Asked to define the terms “reactionary” and “progressive” during one of his 521 press conferences, President Coolidge responded that his answer would likely not be helpful. After all, the definition was in the “eye” of the definer. Having experienced the back and forth of politics for twenty years before even reaching the White House, Coolidge had seen just about everything. Illustrating his point, he explained, “That reminds me a little of the old definition of ‘orthodoxy’ and ‘heterodoxy.’ I think they used to say that ‘orthodoxy’ was ‘my doxy’ and ‘heterodoxy’ was ‘your doxy.’ Sometimes the person is not well thought of and he is labeled as a reactionary. Sometimes if he is well thought of he is called a progressive. As a matter of fact all the political parties are progressive” (The Talkative President, p.9).

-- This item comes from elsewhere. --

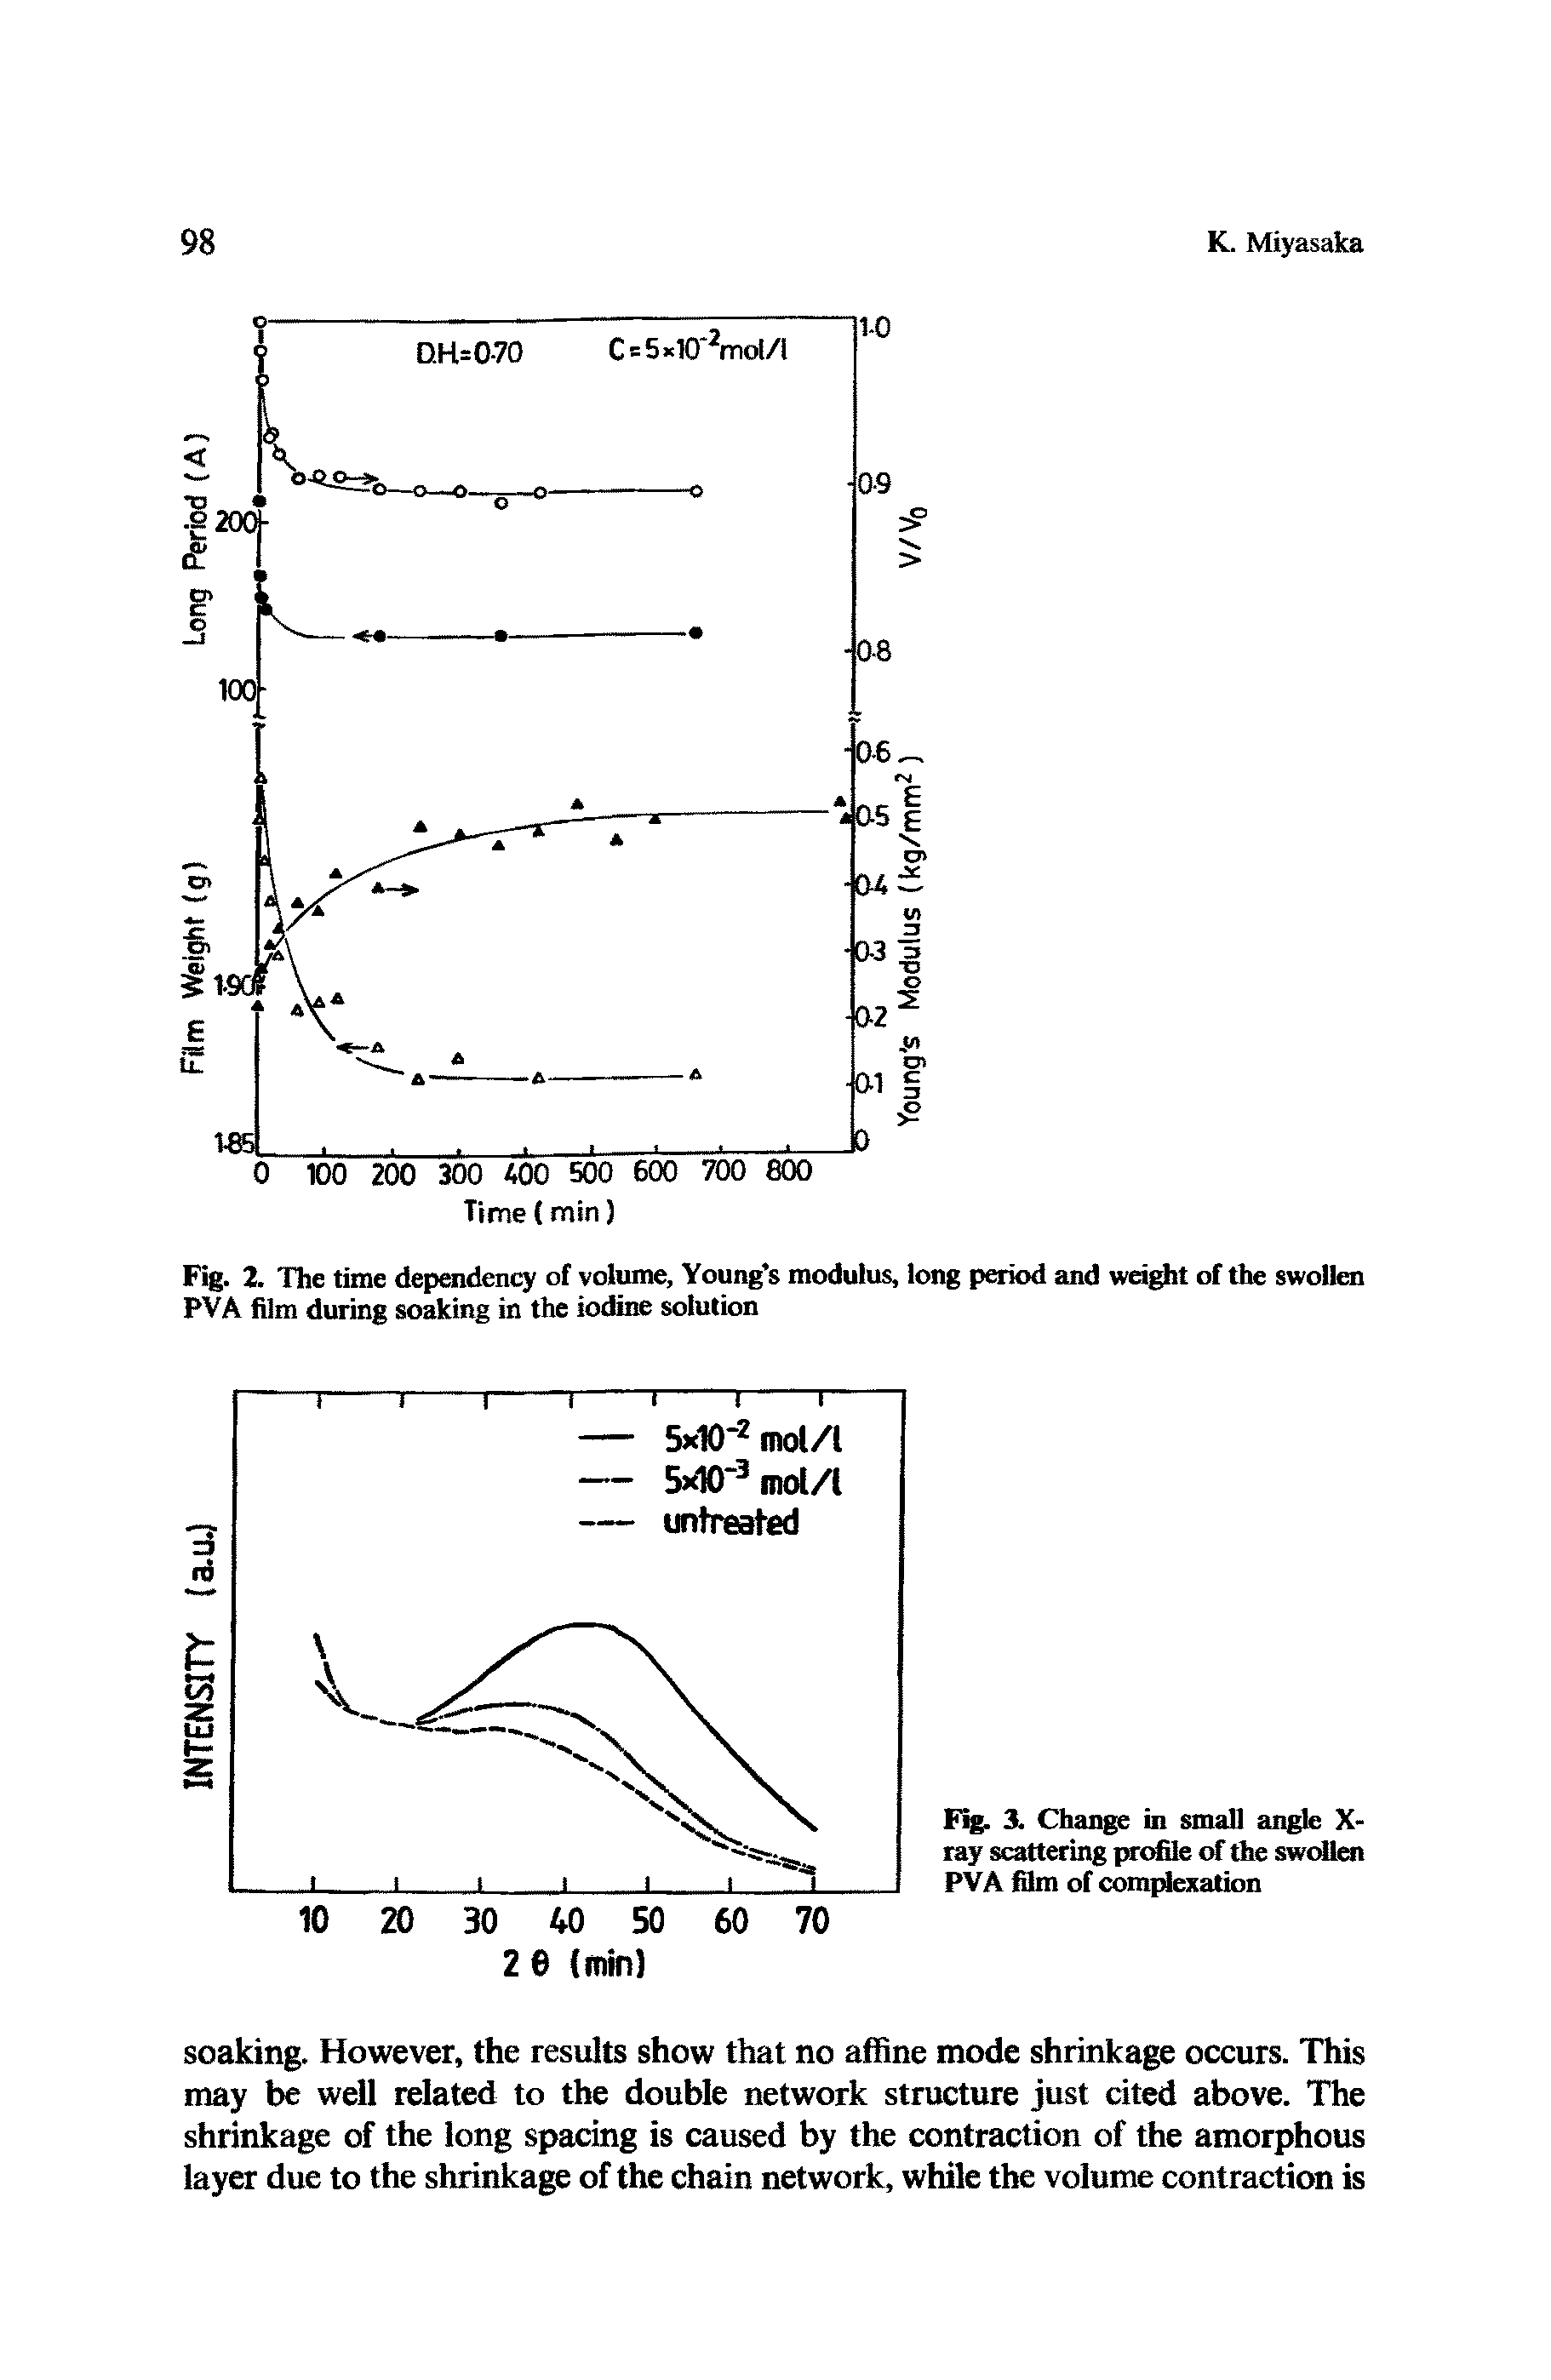 Fig. 2. The time dependency of volume, Young s modulus, long period and weight of the swollen PVA film during soaking in the iodine solution...

This was not some cynical resignation to the “way the real world works” but rather a refusal to surrender the term progress to be freely redefined and misappropriated by any one side of the political arena. The word carried a positive good and he would not be drawn in to an acceptance of a false premise. Coolidge did not stop there. One of his most profound contributions to the science of political thought revolves around the enduring importance political parties do have in our system. “I can’t conceive of a party existing for any length of time that wasn’t progressive, or of leadership being effective that wasn’t progressive.”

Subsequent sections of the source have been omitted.